Brothers by Blood (originally known as The Sound of Philadelphia) is a 2020 crime drama film written, directed, and produced by Jeremie Guez, based on the 1991 novel Brotherly Love by Pete Dexter. It stars Matthias Schoenaerts, Joel Kinnaman, Maika Monroe, Paul Schneider, Nicholas Crovetti and Ryan Phillippe.

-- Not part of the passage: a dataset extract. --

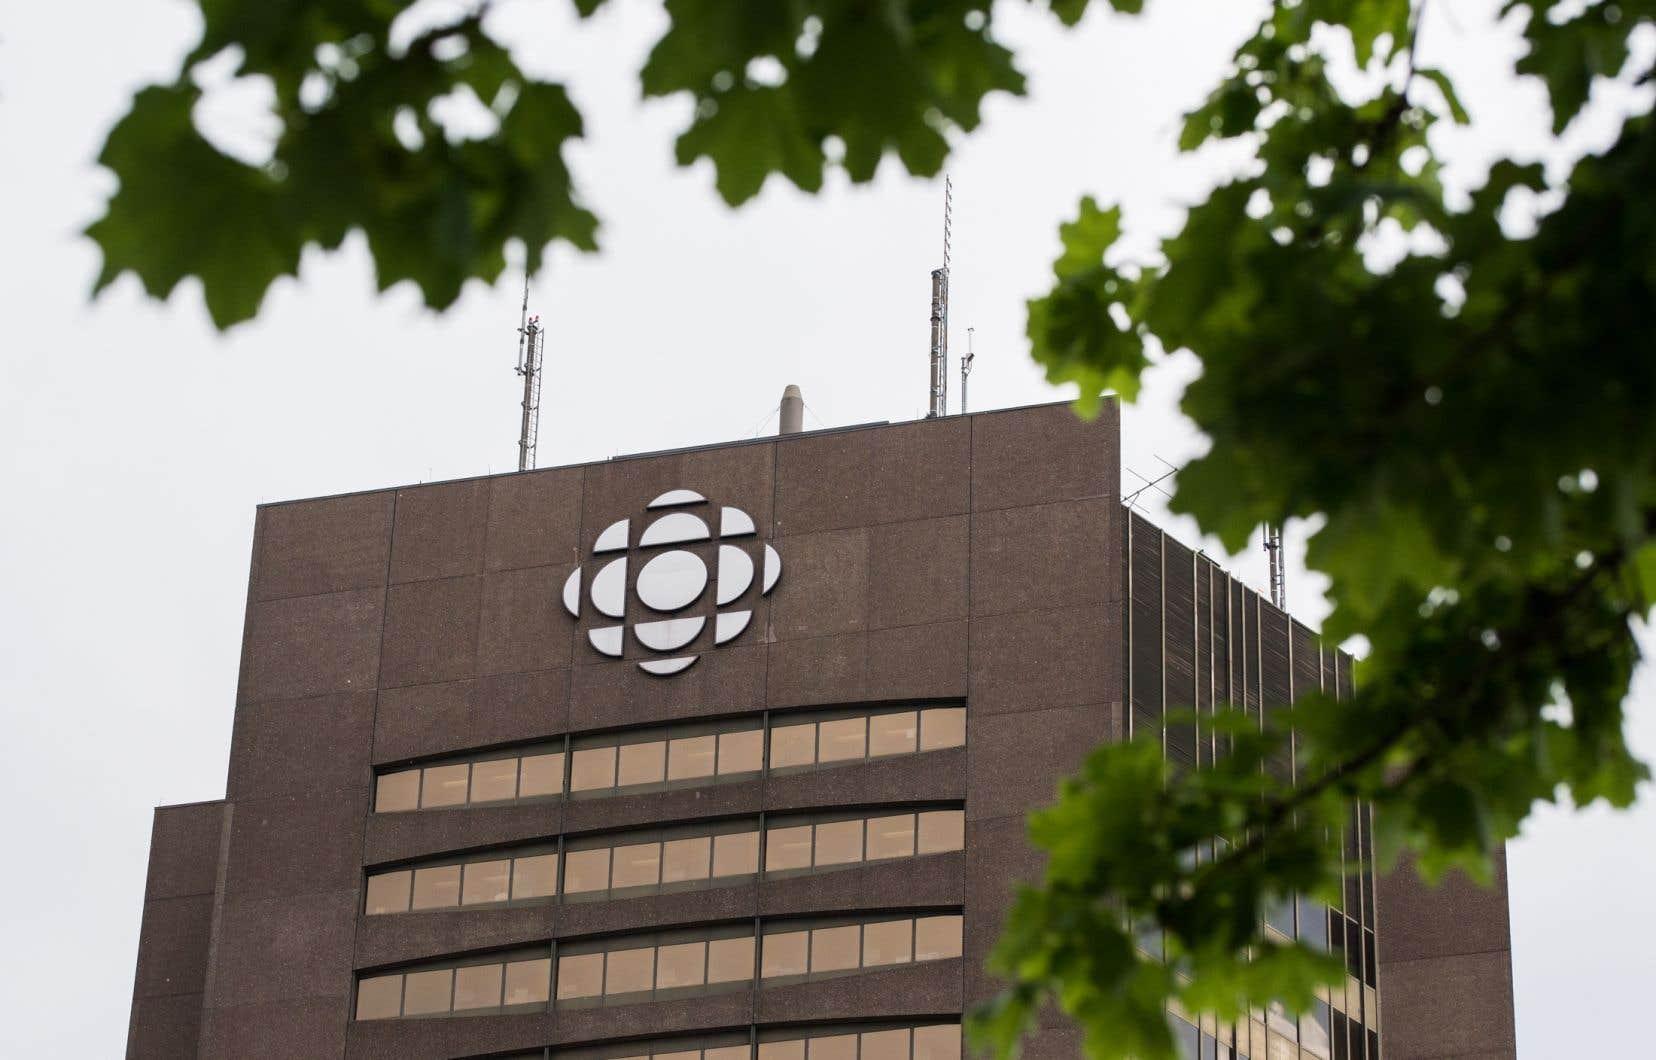 Radio canada ferme son bureau de beyrouth le devoir

The film had its world premiere at the Deauville Film Festival on September 8, 2020. It was released on January 22, 2021, by Vertical Entertainment.

Plot

A man remains tormented by his sister's death, while his cousin grows more powerful in the hierarchy of the family crime business.

Cast
 Matthias Schoenaerts as Peter Flood
 Nicholas Crovetti as Young Peter Flood
 Joel Kinnaman as Michael Flood
 Maika Monroe  as Grace
 Paul Schneider as Jimmy
 Ryan Phillippe as Charley Flood
 Felix Scott as Phil Flood
 James Nelson-Joyce as Leonard
 Antoni Corone as Bono
 Carlos Schram as Carlos
 Tarek Hamite as Ryan

Production
It was announced in May 2018 that Matthias Schoenaerts, Garrett Hedlund and Scoot McNairy were cast to star in the film, which was due to begin filming in August in Philadelphia. In February 2019, it was announced Joel Kinnaman, Ryan Phillippe Paul Schneider and Maika Monroe were also joining.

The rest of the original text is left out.